1. Ik ben iemand die wel gelooft in areale linguïstiek en Sprachbund-toestanden. Ik denk dat het geen toeval is dat het Frans wel wat structurele kenmerken gemeen heeft met zijn Germaanse buurtalen. Máár, directe invloed (en de richting ervan) is heel moeilijk te bewijzen. Zoals je ziet zijn het trouwens allemaal erg natuurlijke klankverschuivingen die zich ook spontaan zonder externe invloed zouden kunnen voltrekken -- op de verscherping van /i/ na, maar de vraag is of die daar ooit onscherp is geweest, en ook de huig-r is geen voor de hand liggende verandering maar da's een verhaal apart. Zoals ik al zei, is de huig-r een recent fenomeen en ze is typisch een stedelijk fenomeen (Brussel natuurlijk maar ook typisch in Gent bvb. en ze is aan het oprukken in Antwerpen, al zou je dat niet zeggen als je de Beerschot-aanhang hun _Rrrratteuh!!_ hoort rollen). De huig-r wordt gezegd een 'prestigekenmerk' te zijn: stedelijk en vooral (of eerst) gebruikt door hoger opgeleiden. Wat opvallend is, is dat dit ook blijkt te gelden voor andere talen (interessant, vooral eens googlen), en in de eerste plaats voor het Frans, dat vroeger ook een tongpunt-r had. Er lijkt weinig twijfel over te bestaan dat de Europese huig-r zijn oorsprong vindt in het Frans: een erfenis van le chique français zeker?

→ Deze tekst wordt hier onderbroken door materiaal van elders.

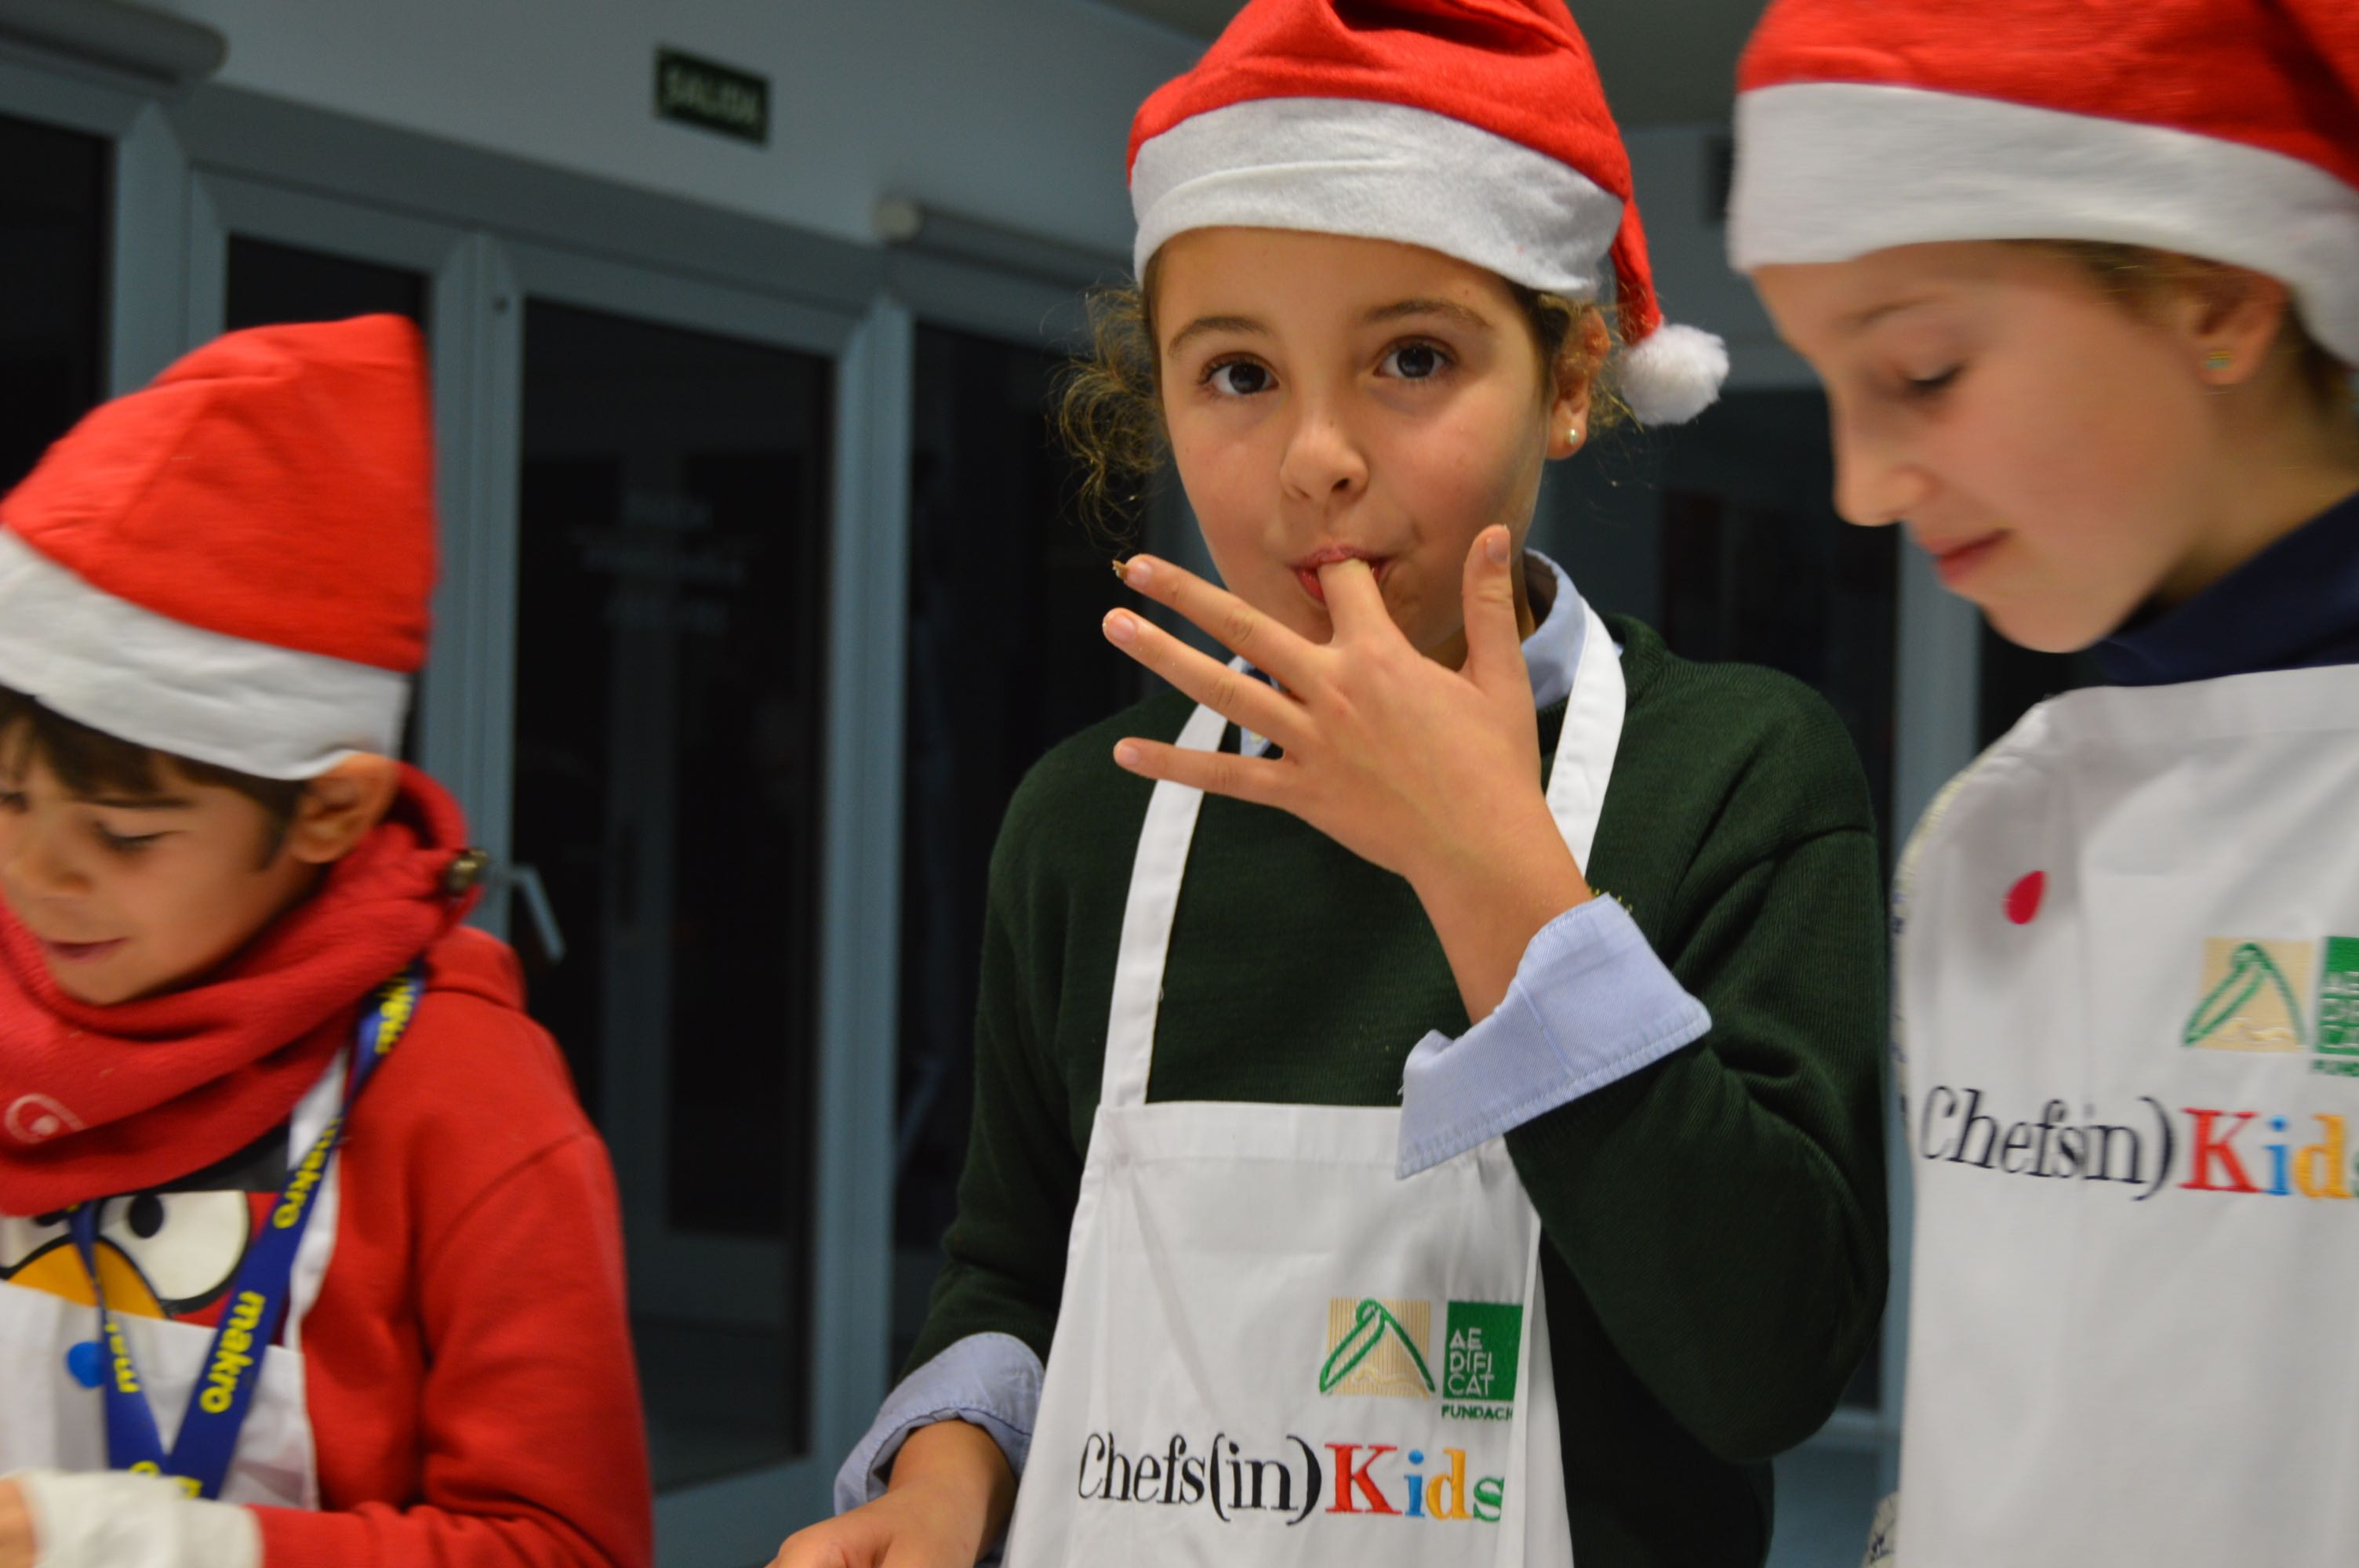 Chefs(in)Kids!

_pff, wa is da met die lange posts tegenwoordig - lããnk type ze.. _


----------



## Frank06

Hoi,

Ik heb eigenlijk hierbij twee zeer open, misschien wel naïeve vraagjes:
1. Zijn er nog mensen die Frans praten in Leuven (oudere hogere bourgeoisie, nouveaux riches, etc.), zoals soms nogal wel eens het geval is in Antwerpen (en in bepaalde chiquere wijken in de Antwerpse rand)?
2. Ik merk ook wel dat de huig-r bij de 'jongere generatie' (een heel vage term, ik weet het) meer voorkomt. Als ik kijk, of beter, luister naar de kleinsten in mijn familie merk ik dat 4 van de 6 neefjes en nichtjes een huig-r (of toch zeker geen tongpunt-r) hebben. Anderzijds, ik zie niet goed hoe in tijden van doorgedreven verengelsing, die toch niet gisteren begonnen is, het Frans hierbij een rol kan spelen. Kan deze huig-r (of niet-tongpunt-r) van de huidige generatie nog een gevolg zijn van het feit dat Frans 30 jaar geleden een chique taal was?

Groetjes,

Frank


----------



## Joannes

Frank06 said:


> 2. Ik merk ook wel dat de huig-r bij de 'jongere generatie' (een heel vage term, ik weet het) meer voorkomt. Als ik kijk, of beter, luister naar de kleinsten in mijn familie merk ik dat 4 van de 6 neefjes en nichtjes een huig-r (of toch zeker geen tongpunt-r) hebben. Anderzijds, ik zie niet goed hoe in tijden van doorgedreven verengelsing, die toch niet gisteren begonnen is, het Frans hierbij een rol kan spelen. Kan deze huig-r (of niet-tongpunt-r) van de huidige generatie nog een gevolg zijn van het feit dat Frans 30 jaar geleden een chique taal was?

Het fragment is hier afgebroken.